_WHAT THE TASK ASKS:_ The entries below contain pictures. Write out only the lines from the line with "4 chaises de" up to and including the line with "Très bon état vintage.", exactly, without them.

_DATA FOR REVIEW:_

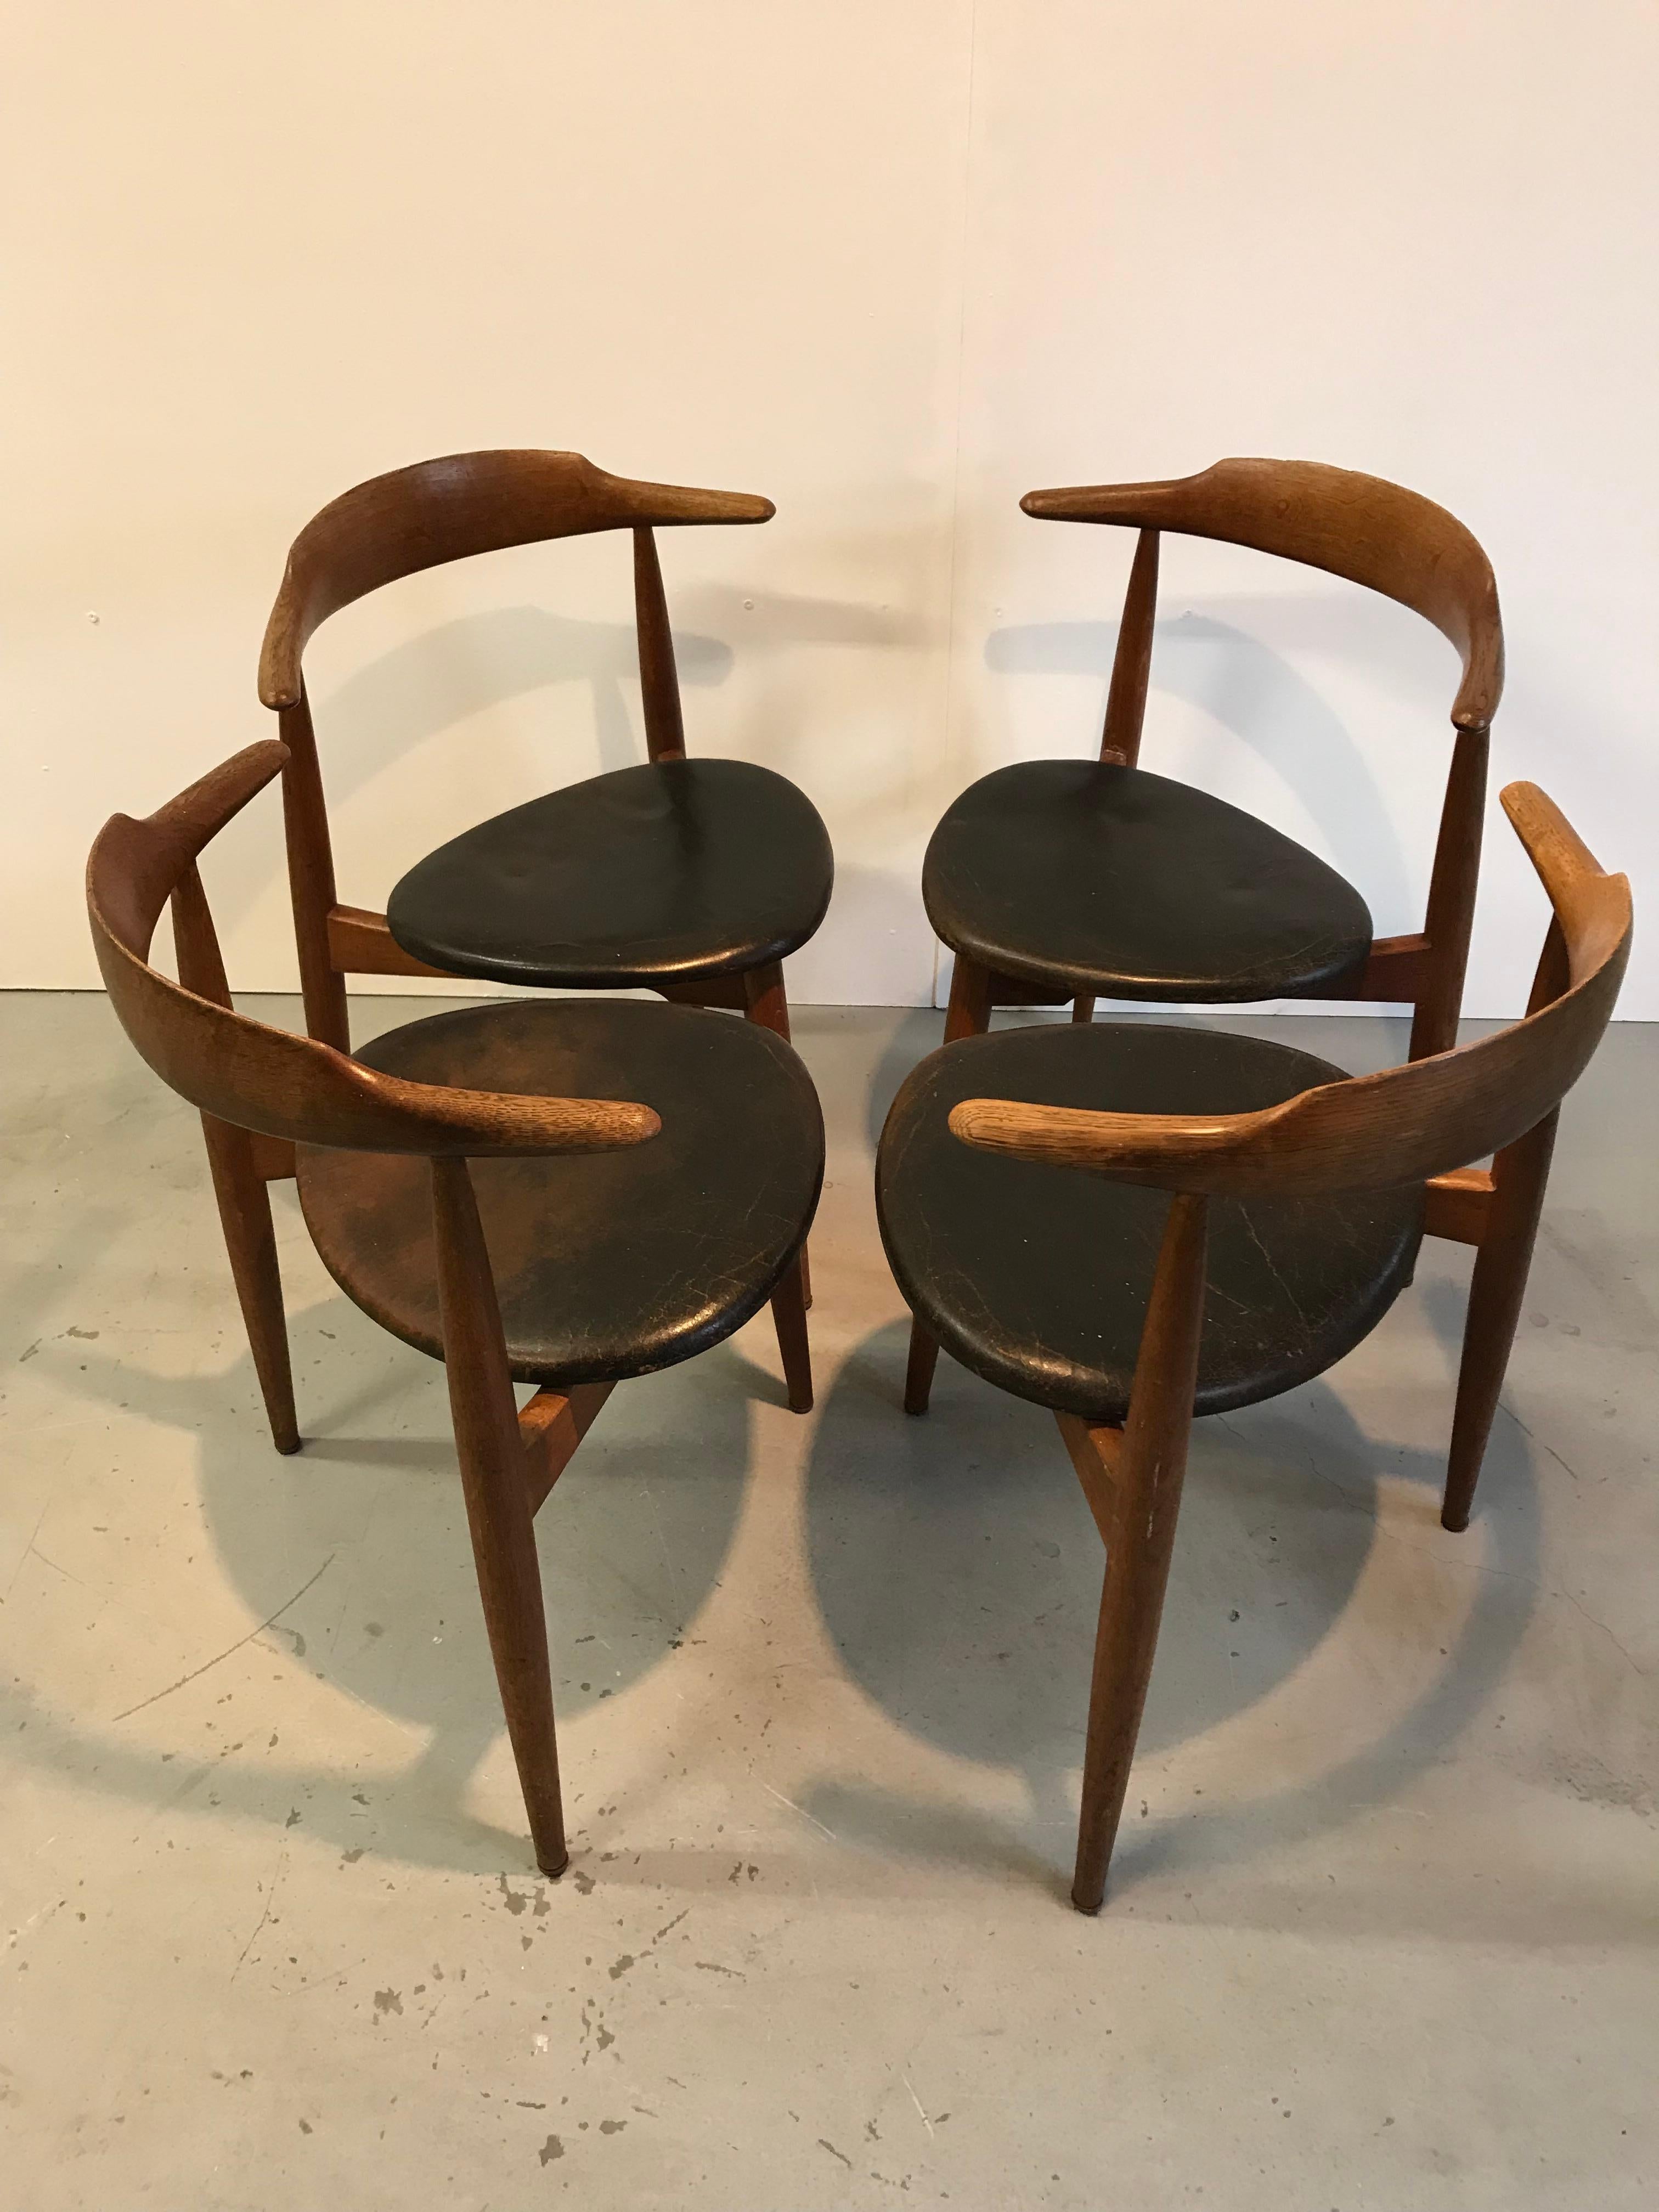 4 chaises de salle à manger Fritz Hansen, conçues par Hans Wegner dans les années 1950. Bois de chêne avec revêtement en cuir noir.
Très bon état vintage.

* * *

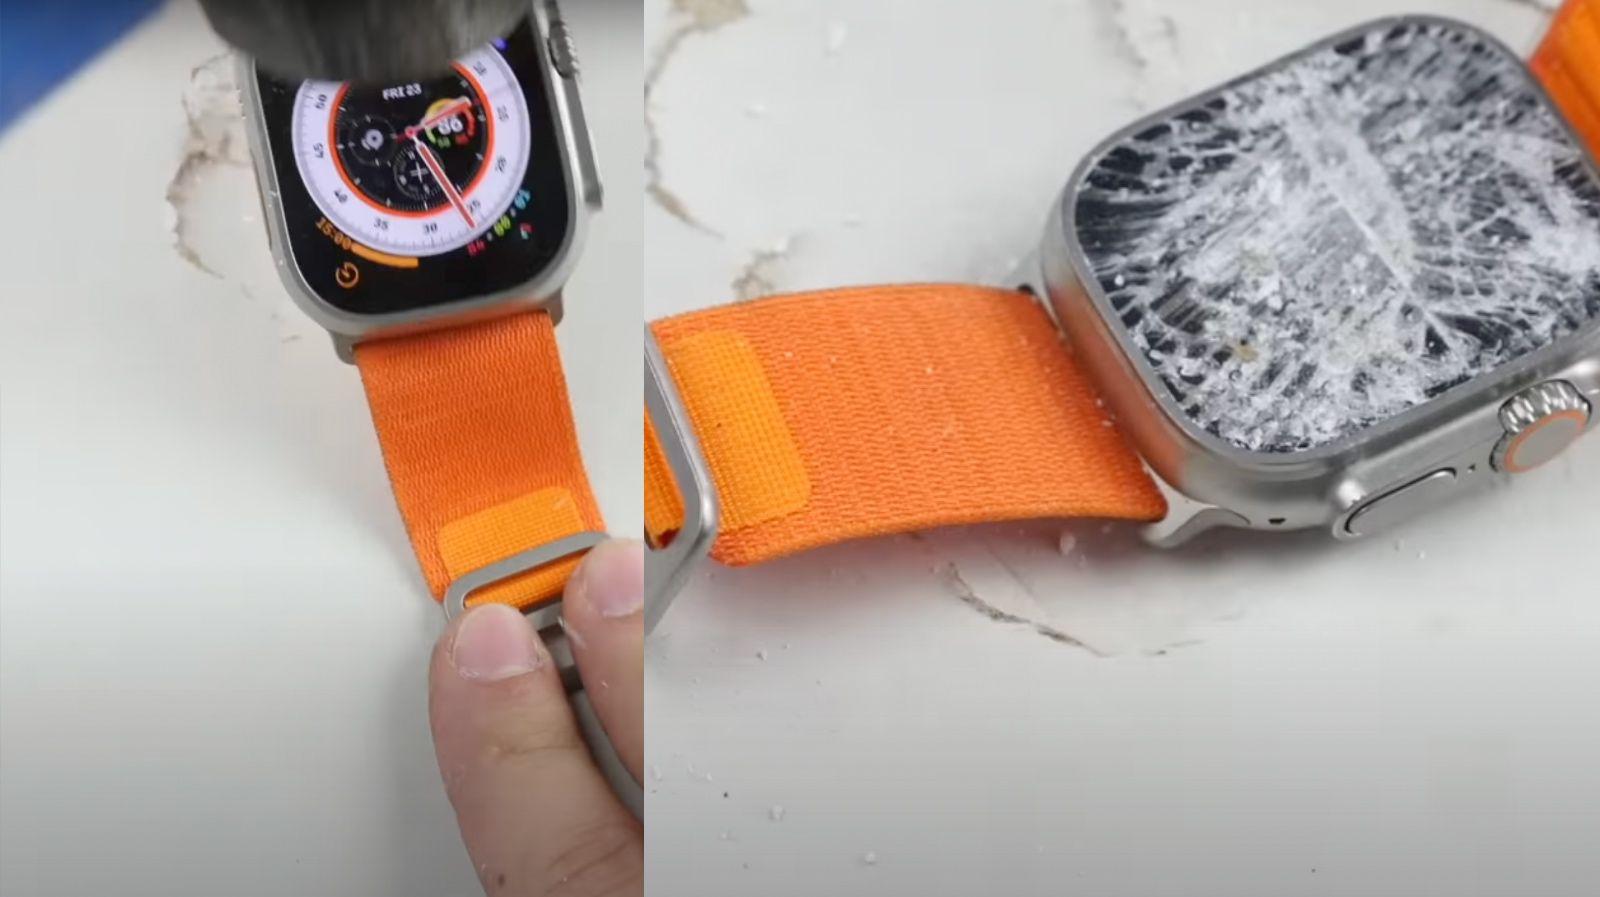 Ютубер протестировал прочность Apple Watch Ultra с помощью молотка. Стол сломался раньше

_FINISHED TASK:_
 4 chaises de salle à manger Fritz Hansen, conçues par Hans Wegner dans les années 1950. Bois de chêne avec revêtement en cuir noir.
Très bon état vintage.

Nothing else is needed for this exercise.